Visitor: Ya got me. But that's not why we're here. We're hunting poetry.

Zebra: Oh, fine, that's we need around here, another Great White Hunter.

Elephant: So, in the notes...

Zebra: Again with the notes.

Elephant: So, in the notes, Jackson says, "To some extent, the poem pays homage to the long and great naming practices of African-Americans, whereby enterprising parents sought to endow their children with enchanting names that when uttered evoked power, prestige, and glory, despite their lack of physical or economic empowerment."

Zebra: Yeah, but more specifically, Major Jackson is also a little sensitive about being "Major Jackson." He says he's always being asked whether he's in the military, but that Major is a family name from before the US civil war.

Visitor: I can't blame him.

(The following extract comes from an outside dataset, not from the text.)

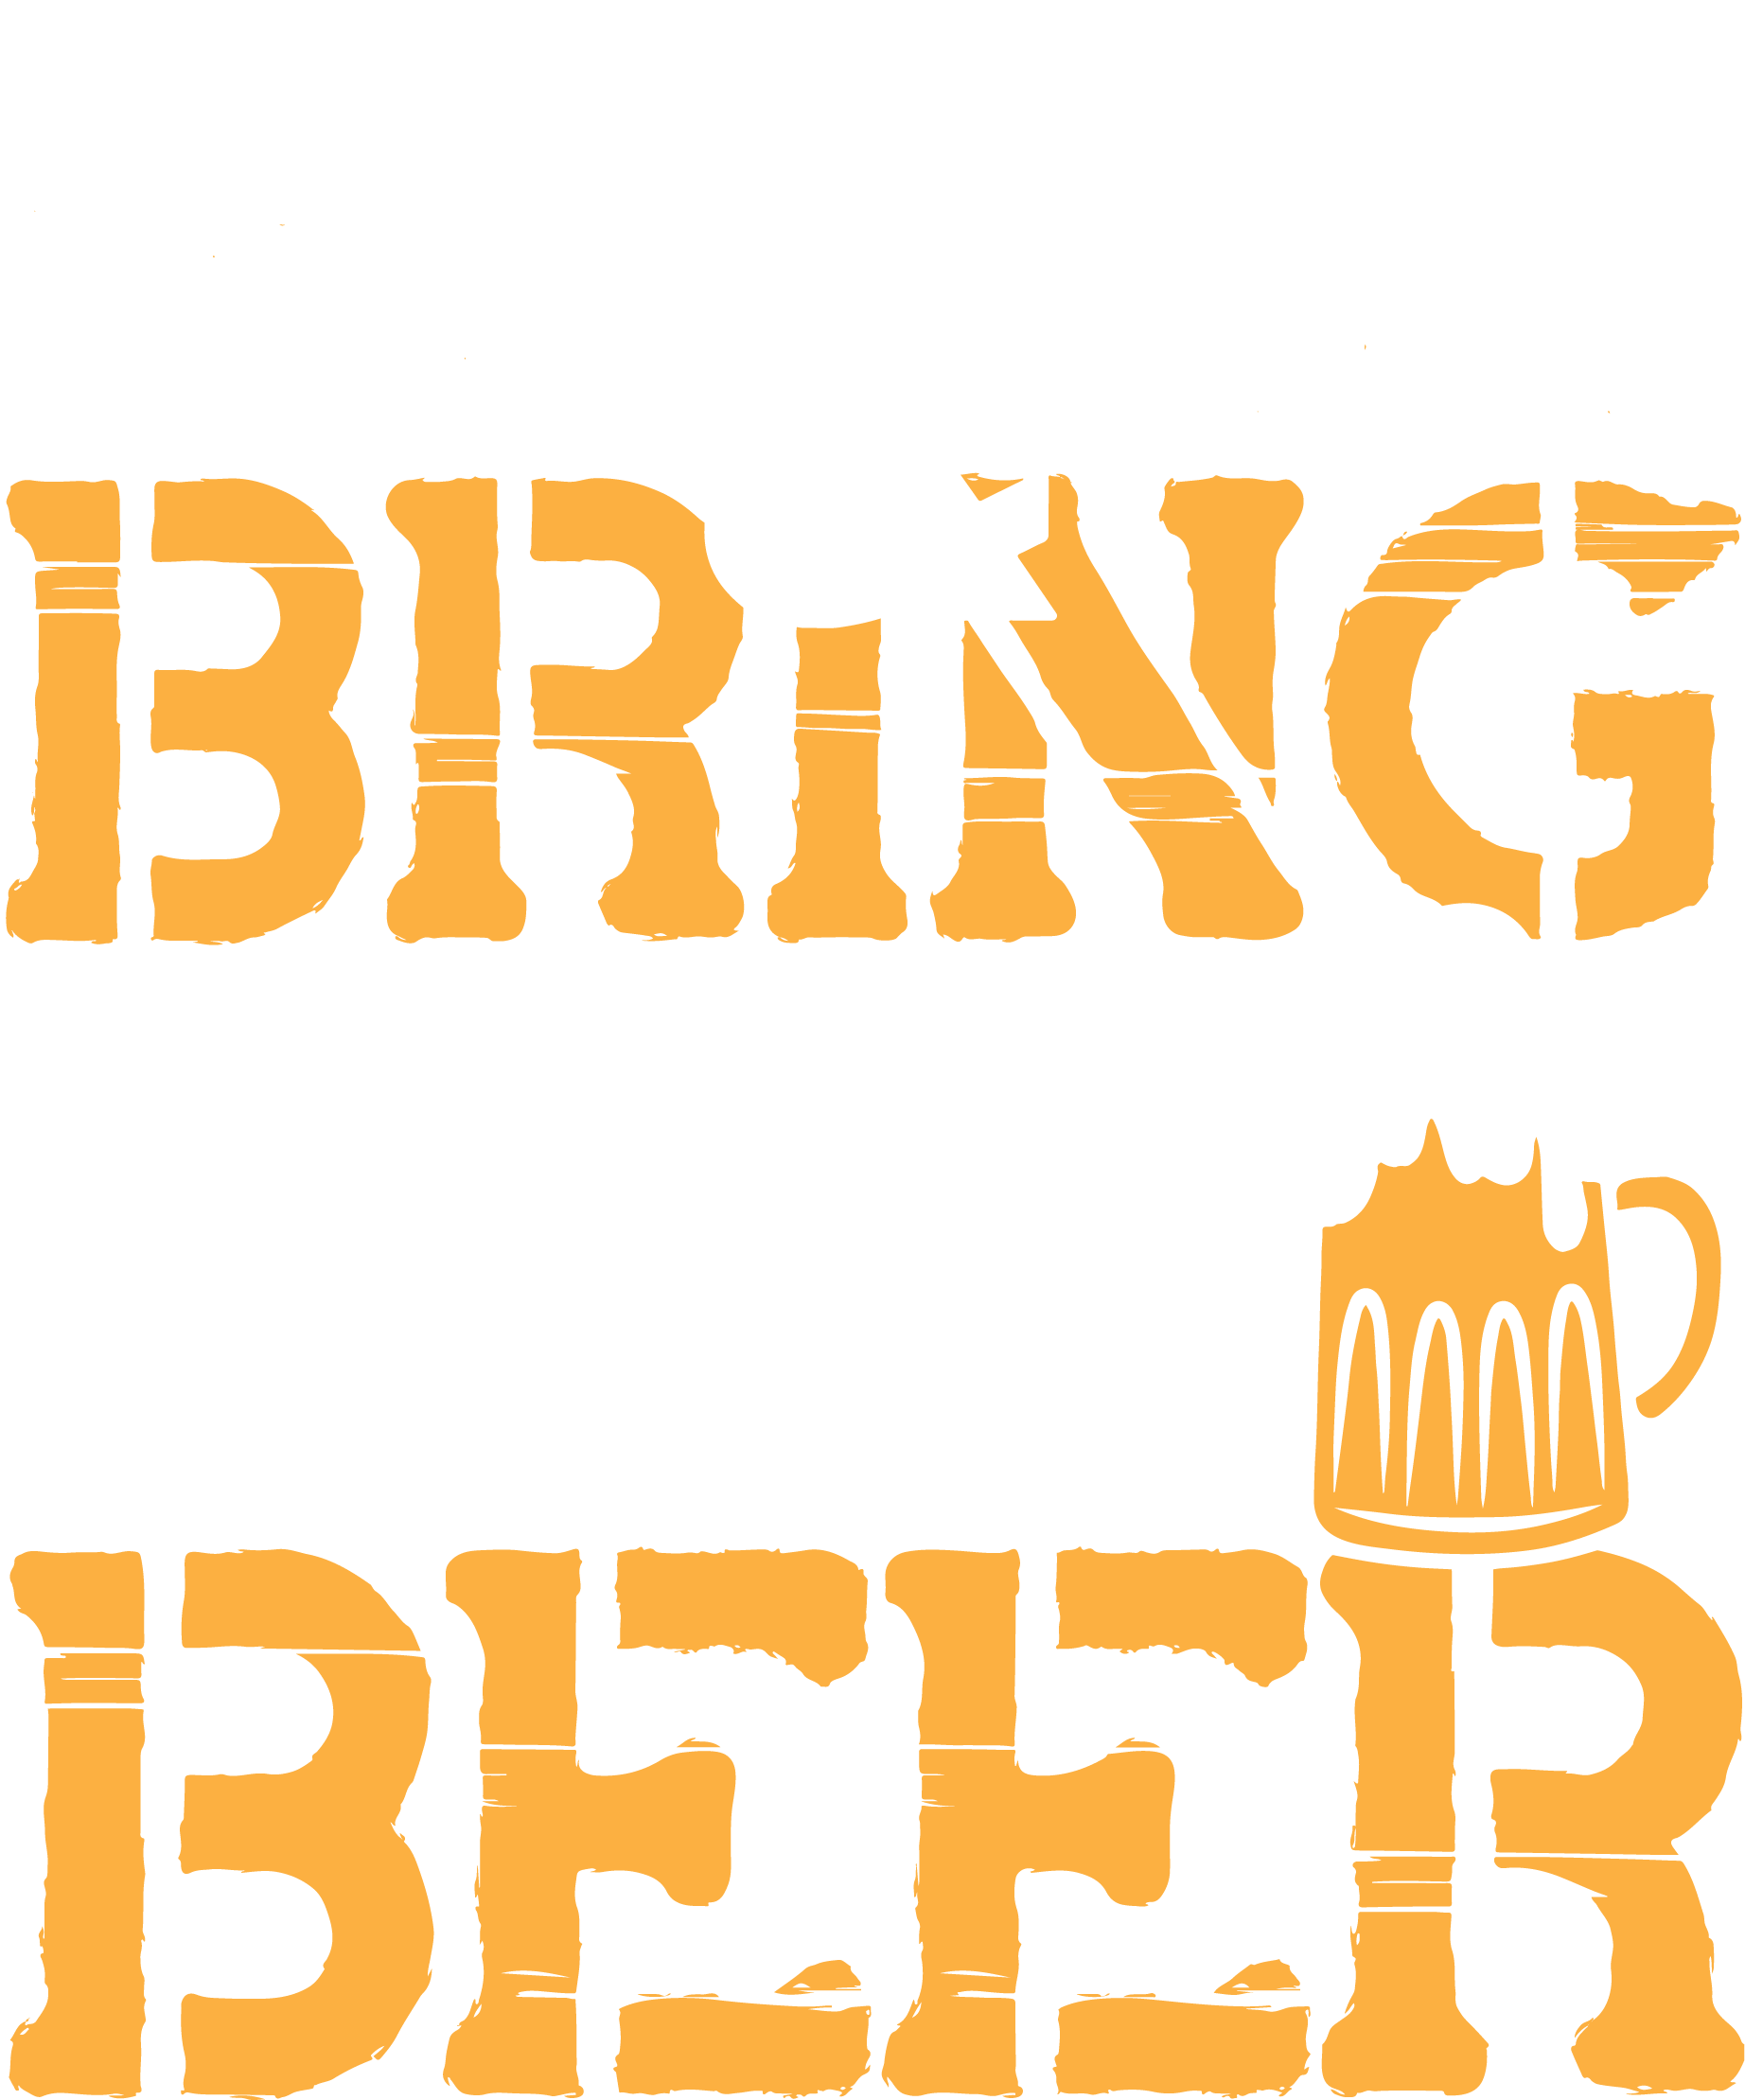 SHH, & Bring Dad Beer

I used to be called "Milk 'Em" by all the common Daves and Johns at school.

Zebra: Oh, poor little hooman. Try going through school with "Equus quagga burchelli" around your neck.

Elephant: Anyway, poetry, right? There's some pretty poetry in "the mouthless, mountain caves at Bahrain Karai / Tarik, Shanequa, Imani, Aisha," which reminds me (as intended, I suppose) of things like Keats's St Agatha:
Manna and dates, in argosy transferr’d
From Fez; and spiced dainties, every one,
From silken Samarcand to cedar’d Lebanon.

And Jackson makes sure that the black kids have the prettiest sounds in the poem. In the notes...

Zebra: Heh.

Elephant: In the notes, Jackson lists Kareem, Amari, and Mustafa, but he brings out the more musical "Tarik, Shanequa, Imani, Aisha" when it's time to convince the reader how lovely and evocative such names can be.

And Jackson does a fine job at the end of making words do double duty as he shifts between historic black heroes and the black schoolchildren on a playground:
...What's in a name? Saga rise and
fall in the orbs of jumpropes, Hannibal grasps a Roman
monkeybar on history's rung, and the mighty heroes at recess
lay dead in woe on the imagined battlefields of Halo.

Open vowels draw the "orbs of jumpropes," and orb suggests royal, the world, celestial. Hannibal grasps a real Roman before the line break, then only a monkeybar after it, but the monkeybar is then on "history's rung," which is a step on a ladder but also a bell sounded in history, and the solemn bell leads to children who are heroes only in their play but also to heroes receding into the past, and the "imagined battlefields" are both the product of children's imagination and the historic battlefields that stir the imagination. Whatever Halo is (real battlefield or a place in Philadelphia or both?), it suggests angels and it echoes the "orbs of jumpropes" from an earlier line.

Visitor: I liked that. Thanks, elephant.

Elephant: That's Loxodonta africana africana to you, buddy.

Visitor: Sorry.

Elephant: Kidding! Kidding! Mr Homo sapiens sapiens doesn't know a joke when he hears one?

Visitor: Sorry.

Elephant: Silly hooman.


At 8:39 AM, Blogger Okir said...

I love these conversations in the zoo. Reminds me of Alice's idylls on the shore with the mock-turtle and the dodo. Only instead of talking about soup, they are talking about poets and poems, and making fun of the hooman.